Jornalismo e redes exigem acessibilidade

No jornalismo e nas redes digitais, acessibilidade é tão importante quanto uma boa ordem para as informações. Com ela, o mundo fica mais fácil para todos. Henry Xavier é jornalista esportivo e pessoa com deficiência. A história dele está também em uma entrevista concedida a mim. “Se uma calçada está boa para um cego, não estará boa para alguém que enxerga?”, pergunta.

Resumindo a ópera, um bom começo é tornar as legendas das fotos mais descritivas. Algo como “à esquerda, de meio corpo, voltado para apoiadores, presidente Bolsonaro ergue caixa de cloroquina com as duas mãos, acima da cabeça, tal qual se faz com o ostensório na Missa”.
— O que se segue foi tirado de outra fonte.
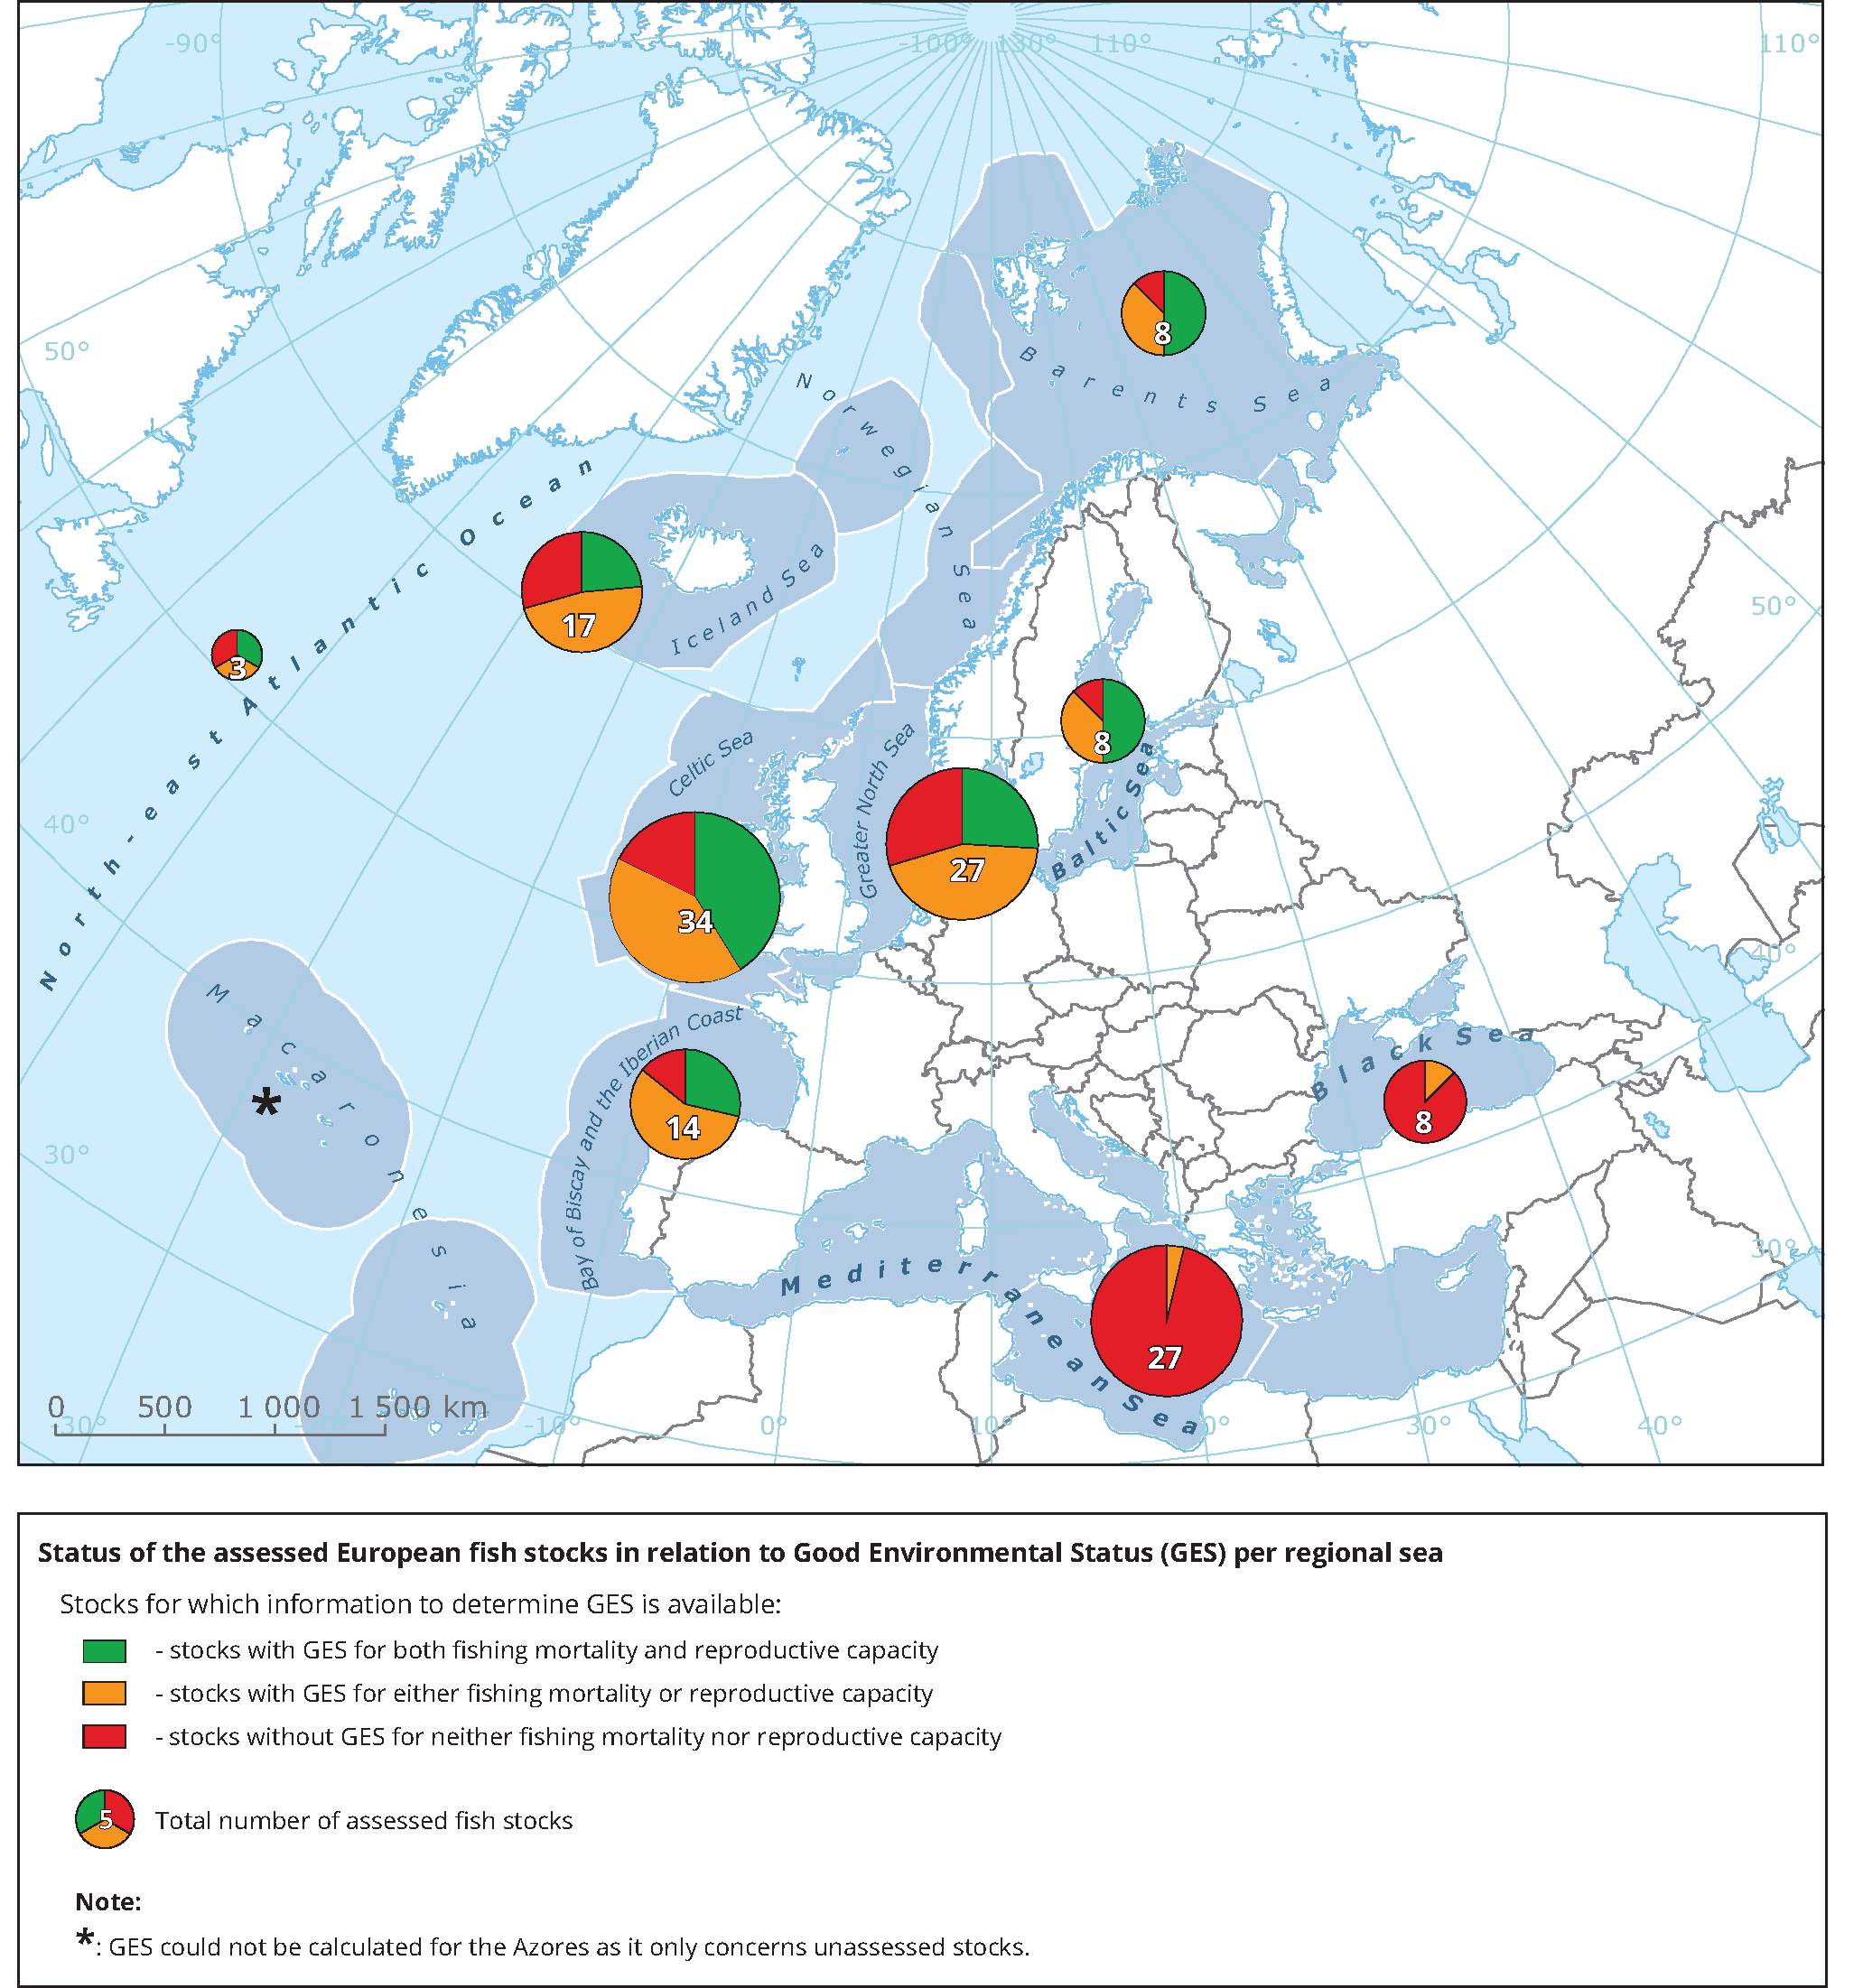 Status of the assessed European fish stocks in relation to Good Environmental Status per regional sea

O exercício do lead americano organiza a cabeça do repórter. Ele tem de responder às perguntas “o quê, quem, como, quando, onde e por quê”. Quando o lead é esquecido, o noticiário fica à deriva do mapa mental do “dono” da estória. Frequentemente há diferenças razoáveis entre os jeitos de pensar, os quadros de referência. O lead e a acessibilidade ajudam a comunicar mensagens mais precisas.

#paratodosverem

Imagem: À esquerda, de meio corpo, voltado para apoiadores, presidente Bolsonaro ergue caixa de cloroquina com as duas mãos, acima da cabeça, tal qual se faz com o ostensório na Missa.